Linear independence of solutions (sorry, there was a typo in my original post - it has been fixed now)
$$y''+\left(\frac{\sin x}{1+\cos x}\right)y'+\left(\frac{1}{1+\cos x}\right)y=0$$
I can see that both $A\sin x$ and $B\cos x+B$ are solutions. The Wronskian is:
$$W(x)=\text{det}\begin{pmatrix} 1+\cos x\quad \sin x\\ -\sin x\quad \cos x\end{pmatrix}=1+\cos x$$
This is $0$ at $\pi$; I am asked to comment on the solution set.

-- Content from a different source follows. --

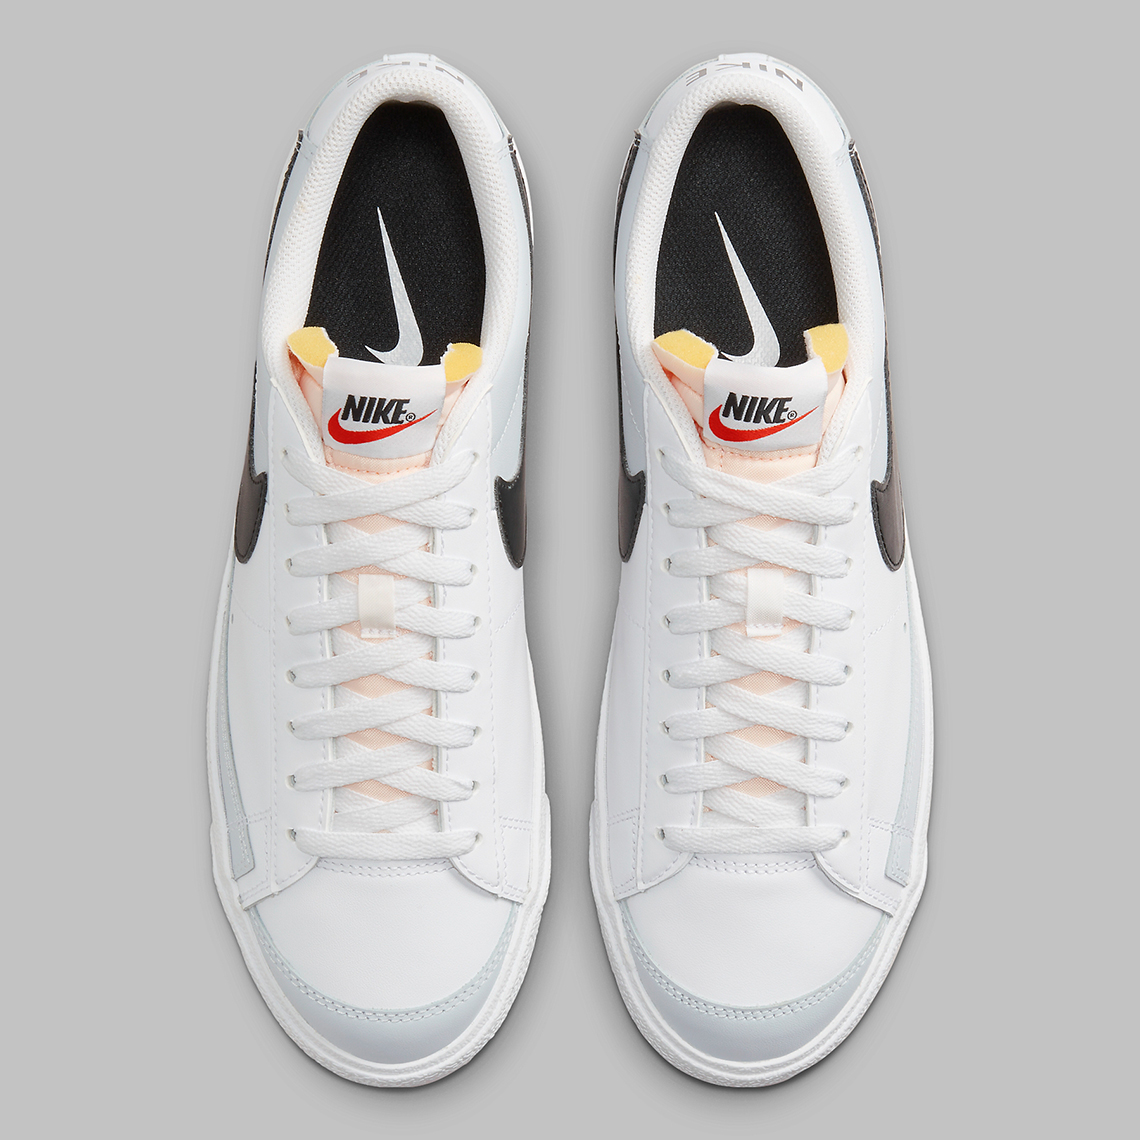 Nike Blazer Low “Grey/Black” DZ3480-100 | SneakerNews.com

Thoughts: Despite $W$ being $0$ somewhere it is certainly not identically $0$. I put this down to $\pi$ being a singularity point of the equation, so it technically doesn't lie in the domain of $W$. Is this a good reason?
We know $\sin $ and $\cos $ are linearly independent so $A\sin x+B\cos x+B$ must in fact be the most general solution. Is this true/correct? Wolfram seems to disagree.
 A: The equation
$$
   (1+\cos x)y''+\sin x\; y' + y = 0.
$$
has one solution $y=1+\cos x$ because $y'=-\sin x$, $y''=-\cos x$ gives
$$
         -(\cos x +\cos^{2}x) -\sin^{2}x + (1+\cos x) = 0.
$$
The second solution can be found by variation of parameters. Let $y_{1}=1+\cos x$ and $y_{2}=a(x)y_{1}$ for a function $a(x)$ to be found:
$$
            (1+\cos x)(ay_{1}''+2a'y_{1}'+a''y_{1})+\sin x(ay_{1}'+a'y_{1})+ay_{1}=0.
$$
Using $(1+\cos x)(ay_{1}'')+\sin x(ay_{1})+ay_{1}=0$ gives
$$
    (1+\cos x)(2a'y_{1}'+a''y_{1})+\sin x(a'y_{1})=0, \\
   a''y_{1}(1+\cos x)+a'\{2y_{1}'(1+\cos x)+y_{1}\sin x \}=0,\\
       \frac{a''}{a'}+\left(\frac{2y_{1}'}{y_{1}}+\frac{\sin x}{1+\cos x}\right)=0,\\
             \ln |a'| + \ln y_{1}^{2}-\ln|1+\cos x|= C,\\
              a' = D\frac{1+\cos x}{y_{1}^{2}}=D\frac{1}{1+\cos x}.
$$
So a second solution is $y_{2}=ay_{1}$, where $a=1+\cos x$:
$$
                   y_{2}=\int_{0}^{x}\frac{1}{1+\cos u}\,du\cdot (1+\cos x).
$$
The general solution is $Ay_{1}+By_{2}$, where $A$, $B$ are constants.
The Wronskian is
$$
     W(y_{1},y_{2})=W(y_{1},ay_{1})=y_1(a'y_1+ay_1')-y_1'(ay_1)=a'y_1^{2}=1+\cos x.
$$
As you stated, the Wronskian is not technically defined at $x=\pi$ because $y_{2}$ is not defined there. This is a limiting value of the Wronskian, and $0$ is okay as a limiting value.